Examples: The Costly Compound Effect of Data Warehouse Errors

We’ve established that data warehouse errors are no-good, horrible, costly catastrophes. But why?

Upstream Data Provider Nightmare

Imagine if other companies rely on your data to fuel their apps, marketing campaigns, or logistics networks. A mistake that manifests from your camp could have a disastrous domino effect that leads to a client-shedding reputation crisis.

Late-Arriving Data

Late-arriving data is another nightmare if other companies rely on your data. Think of it as a flight schedule. If one plane arrives late, it backs up every other flight that day and may force cancellations to get the system back on track.

Understanding Leading Indicators of Data Warehousing Issues

Leading indicators signal that bad data has weaseled its way into a data pipeline. However, built-in status alerts may not always work. For example, it’s possible to receive a 200 success response from an API built on the HTTPS protocol since the check only applies to the connection, not the data transfer. Intrinsically, it’s essential to understand the leading error indicators.

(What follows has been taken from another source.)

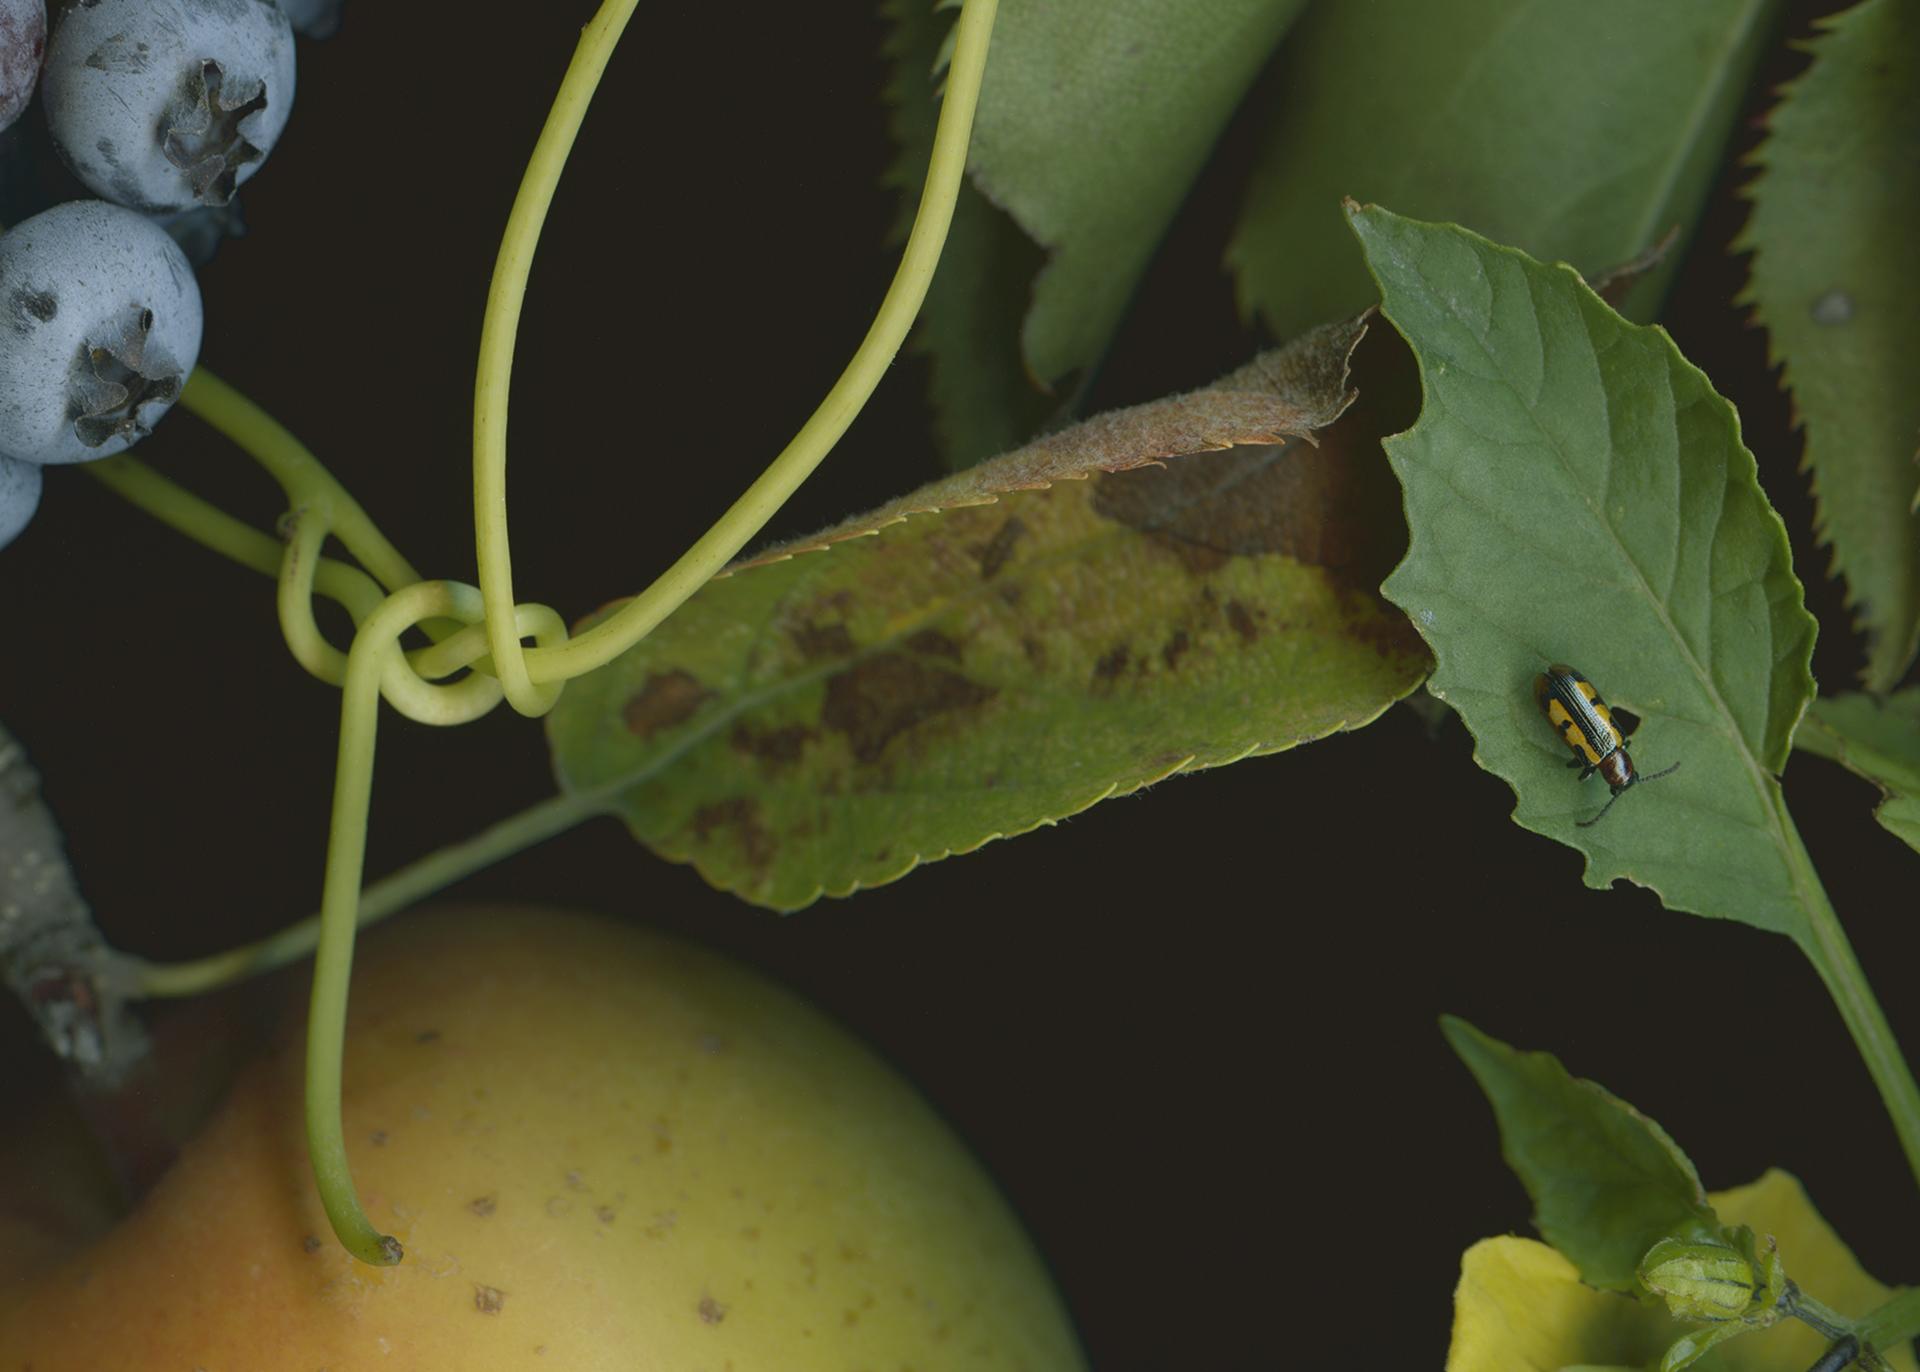 Detail of Blueberries, Blackberries, and Indigo Pear Drops

Catch data pipeline leading error indicators by:

  • Setting up baselines
  • Establishing data checkpoints
  • Tracking data lineage
  • Taking metric measurements

Maintaining a healthy data warehouse is of vital importance, especially if other businesses rely on your services. Working with data warehousing solutions is often the best option in terms of cost optimization, speed, and overall performance. They have the skills, tools, and institutional knowledge to ensure everything runs smoothly.